Mi tío Ernesto se plantó en la escalerilla flanqueado por las señoritas de uniforme y quitándose la boina vasca que cubría su poderosa cabeza entonó a grito pelado,

Soy de Santurce,/ bonita aldea,/ soy del pueblo que gana / en las regatas con las traineras./ De babor, de babor a estribor,/ de estribor a babor, de proa a popa. /Que tu eres el mar y yo soy la arena, / que ya no voy solo, que el agua me lleva.

Mi padre comenzó a llorar mientras la gente callaba y esperaba el término de la canción, momento en el que todos prorrumpieron en un fuerte aplauso.

Y había llegado el gran día. Nos repartieron un vaso de leche porque decían las monjas que no podíamos ir a la iglesia en ayunas, eso sí, después de la comunión regresaríamos para tomar un excelente desayuno de chocolate con churros. Mis padres y a regañadientes mi tío, que se recuperaba del largo viaje, fueron temprano a coger el autobús de la empresa Larrea que les llevaría a Guadarrama.

Digo a regañadientes, porque mi tío no tenía la menor gana de ir a ver a unos niños haciendo la comunión. Pero había venido a España porque quería ver la forma de traer a sus hijos a estudiar, a ser posible colocándolos en casa de algún familiar, entre los cuales mis padres eran también candidatos, y no sería oportuno empezar su viaje rehusando ver a uno de sus sobrinos que coincidiendo con su viaje hacía la primera comunión.

Vestidos de punta en blanco, desfilamos hacía la iglesia en una larga fila, las cabezas bajas, familiares y gentes del pueblo nos acompañaban o veían pasar.
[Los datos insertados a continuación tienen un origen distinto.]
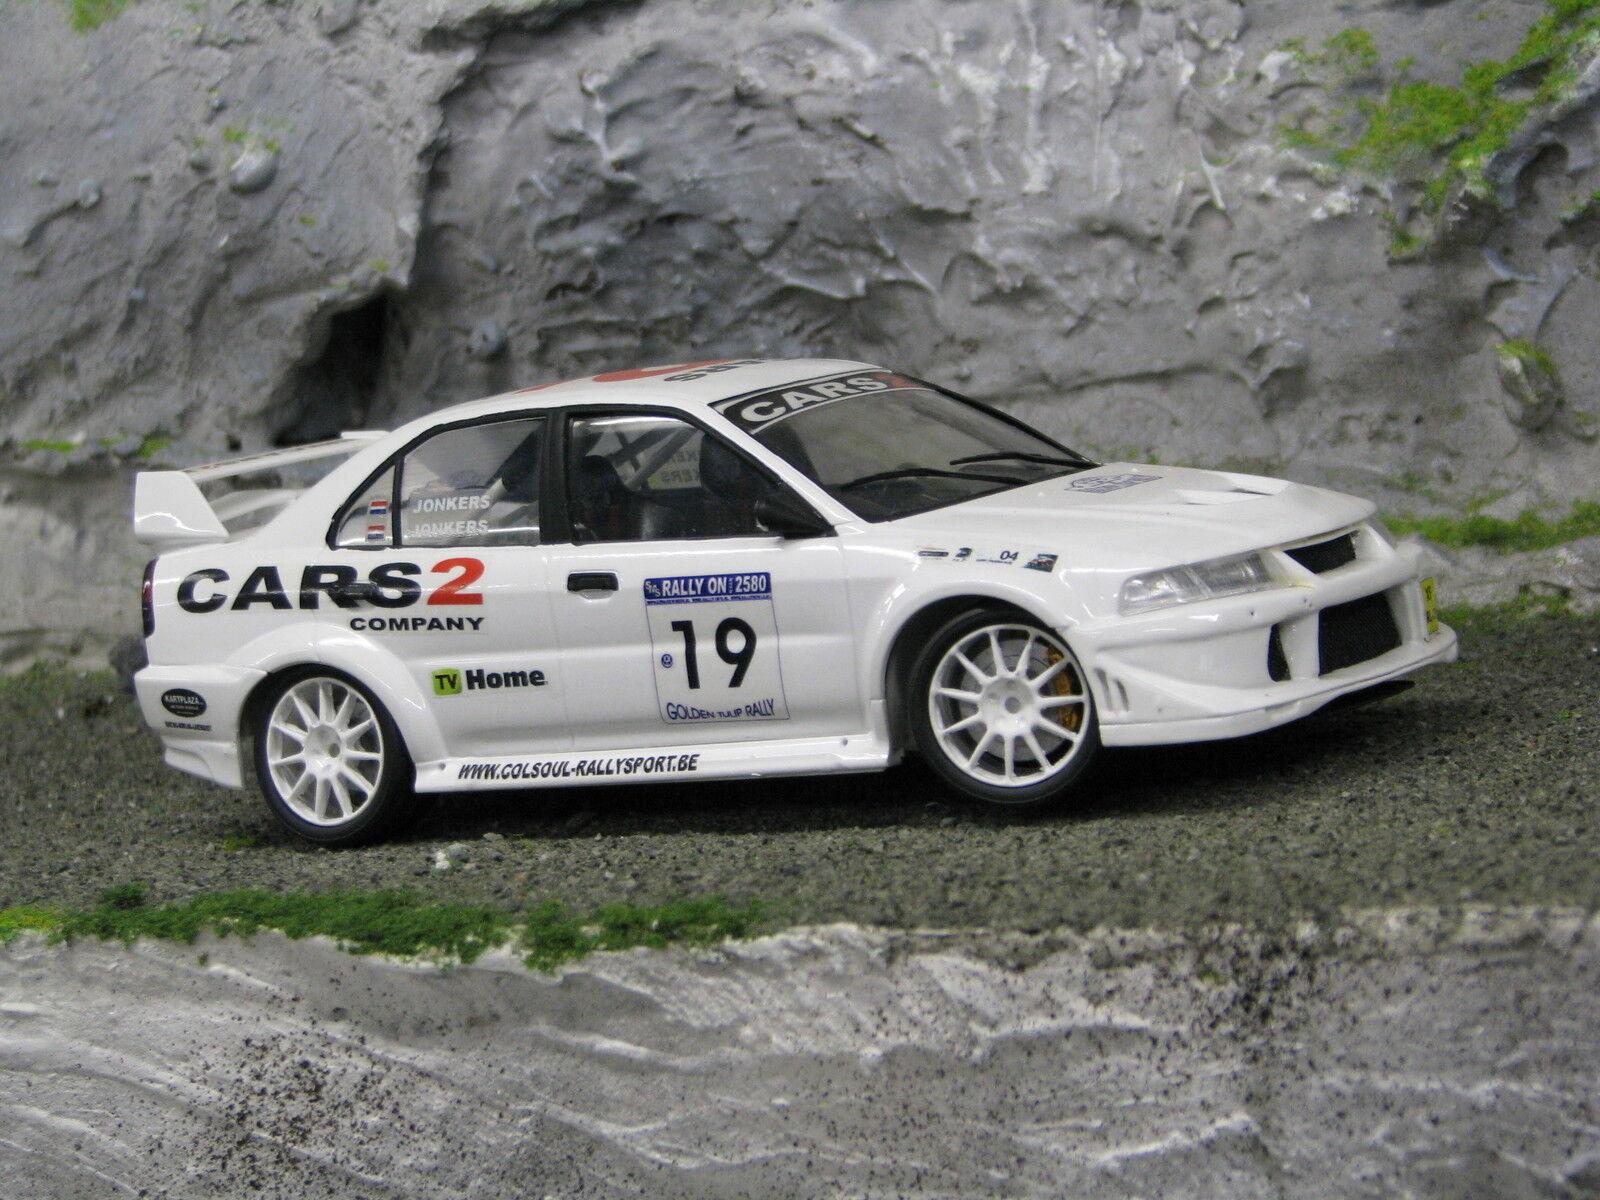 QSP Mitsubishi Lancer Evo 6.5 1 24 Jonkers   Jonkers golden Tulip Rally 2003

Los enfermos de pulmón del hospital contiguo salían, la mayoría en pijama, a las amplias terrazas y nos seguían con la vista.

La ceremonia se prolongó durante lo que a los niños nos pareció mucho tiempo, hubo misa, sermón y el desfilar para tomar la comunión mientras se cantaban muchas canciones, todos estuvimos atentos y emocionados.

Volvimos al preventorio y al esperado desayuno y después de cambiarnos nos reunimos cada uno con sus familias. Estuve andando por el campo de fútbol y la dehesa con mis padres y mi tío, era aún muy joven para entablar una conversación con él, así que me limité a contestar sus preguntas y a observarle de reojo, fijándome en su cara y su forma de hablar.

Enseguida noté que los dos hermanos se dirigían poco la palabra y se mantenían enfurruñados, alguien nos hizo una foto sentados al borde de la carretera, mi tío insistió en que quería invitarnos a comer en un restaurante en lugar de hacerlo con las familias en el preventorio. Durante todo el cordero asado mi padre y mi tío discutieron sobre el modo en que se comportaba la sociedad española y otros temas que me eran ajenos. Años después tuve ocasión de conocer un poco más a mi tío, supe que era comunista y que durante la guerra civil había formado parte de la Brigada del Campesino como comandante. Tras múltiples avatares durante la Segunda Guerra Mundial participando en el Maquis, al finalizar ésta estuvo dando tumbos por varios países sudamericanos hasta que se asentó en Venezuela donde transcurriría el resto de su vida.

A media tarde, tomando todos cafés y copas y yo un vaso de leche caliente con un chorrito de coñac en el bar Pikio, mi tío Ernesto conoció a alguien con quien entabló conversación, tenía un Citroën pato en la puerta y se dirigía a Madrid.

Mi tío, sin pensárselo más allá de unos segundos, decidió irse con él, mis padres me devolvieron al colegio y se fueron a coger el autobús para Madrid.